Angelo Mancuso si spinge verso quelle configurazioni attraverso allusioni: la madre è Sicana per indicare quella fuga nel tempo che va molto oltre i pochi millenni di cui si sono conservate tracce scritte, e di cui si indovinano i tratti nelle tradizioni mitiche.
La madre che sta in cucina è la dispensatrice della sussistenza a cui tutto si deve: la vita e la morte (Althea uccise il figlio come tante eroine dei miti e delle favole).
Questi rapporti indiscutibili si sono conservati nella mentalità primitiva che alloggia tra di noi nei raggruppamenti umani che ripetono modi del pensiero selvaggio: “Che ti pare? Che la vita è come un vestito che si può cambiare a piacimento ah?: sono le parole di una madre preistorica che ritornano nella “Consegna”: “Hai un solo dovere, un dovere preciso, un comandamento che ti viene dal sangue che ti scorre nelle vene…”
Eccoli i tratti che abbiamo dovuto richiamare nella premessa dall’apparenza etnografica. Nel sistema arcaico le leggi non sono illuministiche, ma pratiche, non dettate dal legislatore, ma dal padre.
“Zia Carmè, se me lo permettesse vorrei essere io a fare giustizia…” dice un picciotto nel Rifiuto e la “giustizia” è quella che ormai si chiama omicidio premeditato e aggravato. Ma questa definizione risale al codice di Solone o a quello di Mosé o di Hamurrapi: tre o quattro millenni scarsi dell’evoluzione umana. Prima, quello che divenne il ius stabilito dagli dei per l’intero popolo, era la “salvezza” del singolo clan, conquistata ferocemente a danno dei clan rivali e di volta in volta indicata da chi deteneva il potere (il patriarca nelle società pastorali, la matriarca in quelle dei primordi agricoli). L’obiettivo era la salvezza del piccolo gruppo: la Nazione, lo Stato, l’umanità, non avevano neanche un nome.
Parlare di questi temi richiederebbe lunghissimi studi e moltissimo tempo che ovviamente la prassi giudiziaria e l’indagine sociale odierna non può permettersi.
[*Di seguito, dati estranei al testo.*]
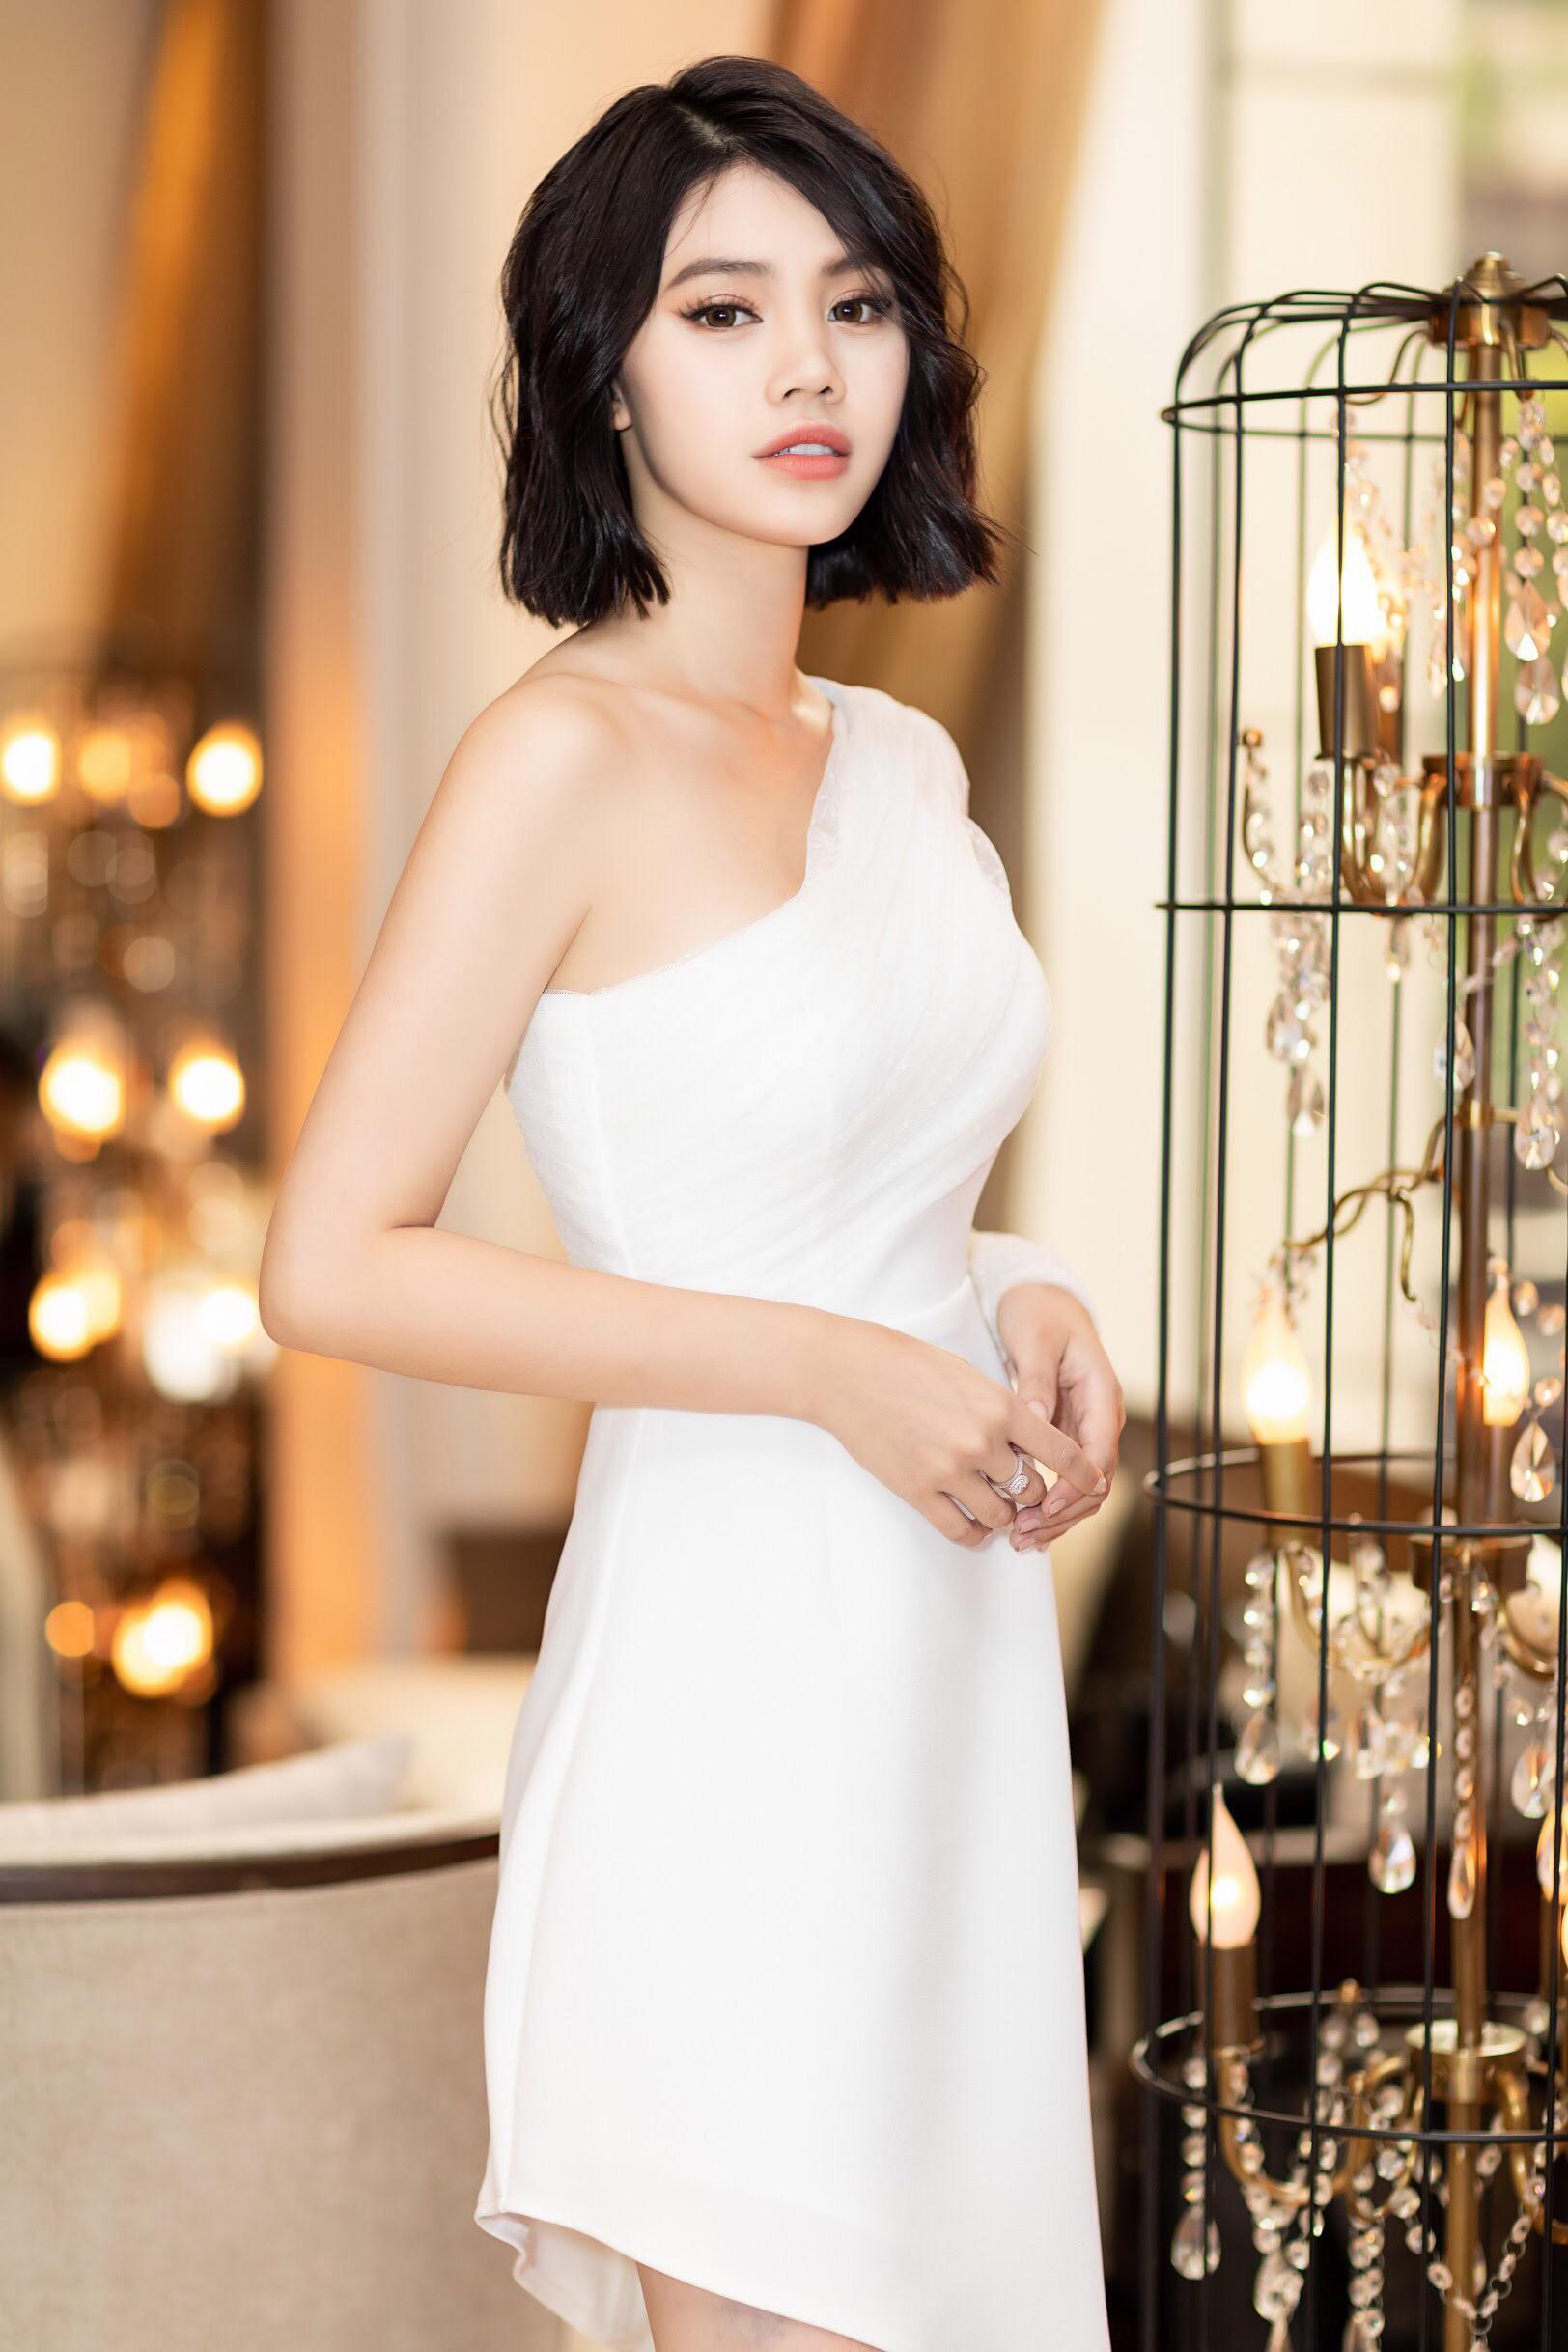 Thẳng tay cắt bỏ mái tóc dài để 20 năm, Hoa hậu Jolie Nguyễn vẫn gây thương nhớ với tóc ngắn cá tính - Ảnh 3.

Ma nella Trilogia di Angelo Mancuso, fine osservatore e intelligente drammaturgo, tutti questi temi sono analizzati con lucidissima sintesi.
Se si portassero sulle scene potrebbero costituire quella illustrazione della civiltà che molti denunciatori superficiali continuano a strombazzare senza nulla fare per spiegare la sopravvivenza del sistema tribale e dunque analizzarne i rimedi.